Scott Eiler seiler at eilertech.com
Wed Jan 13 19:35:42 PST 2016


On 2016-01-10 20:22, George Phillies wrote:
> You are about to see a drastic change in the branching time lines trope.
>    The discussion of Liouville and Gibbs is real physics.
> After Episode 21 comes Episode 1A.  I decided to interchange the first
> two chapters so we open, immediately, with the lead character.
>
> Episode 21
>
> Two roast chicken sandwiches, all grain bread, plenty of lettuce, just a
> bit of butter, and more of the curried vegetables did quite nicely.  I
> postponed the ice cream and fudge crumbles until later.

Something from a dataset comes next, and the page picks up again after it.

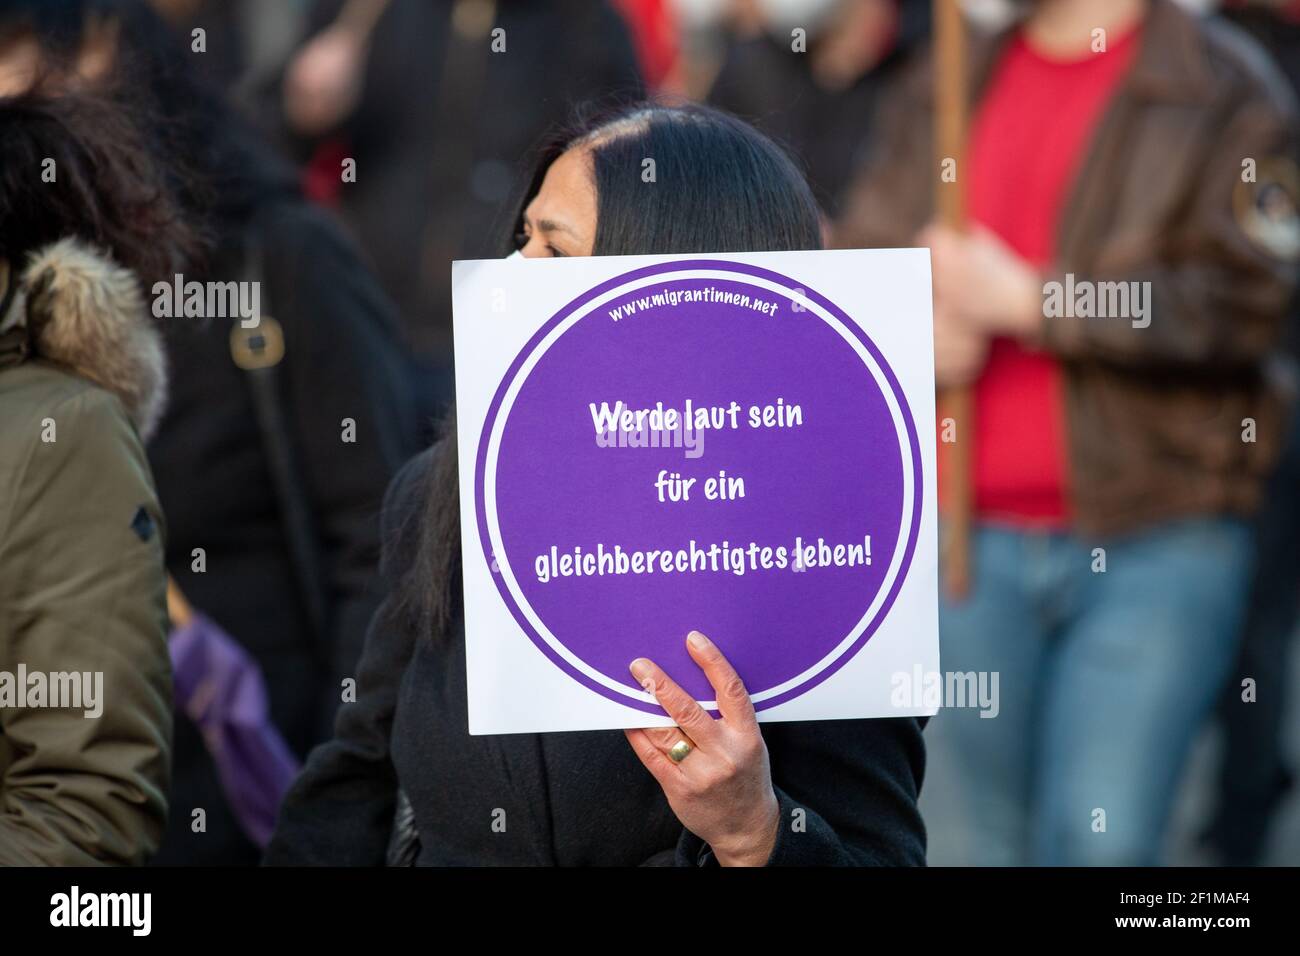 Demonstrantin hält Schild mit der Aufschrift: ' migrantinnen.net Werde laut sein für ein gleichberechtigtes Leben! ' Am Weltfrauentag, dem 8.3.2021 haben sich in München um die 1000 Menschen versammelt, um für das Recht auf Schwangerschaftsabbrüche, gegen den Gender-Pay-Gap, Sexismus und Femizide zu demonstrieren. - On the international women's day March 8 2021 around 1000 people joined a demonstration in Munich, Germany to protest against sexism, the gender-pay-gap and femicides. (Photo by Alexander Pohl/Sipa USA) Stock Photo

Water came to a
> boil while I was cleaning up.  Some parents would have been scandalized
> that I was brewing coffee, worse, cocoa-tinged coffee.  I really am a
> persona, not easily poisoned.  Coffee would make me a bit sharper while
> I was reading, but all the alkaloids would burn off soon after I
> finished reading, leaving me ready to drop into sound sleep.  Besides, I
> really am too young for chocolate to have its alleged effect.  I suppose
> if I always ate like this I would worry a bit about my figure, but that
> is one of my gifts. I may eat, but I remain leanly athletic.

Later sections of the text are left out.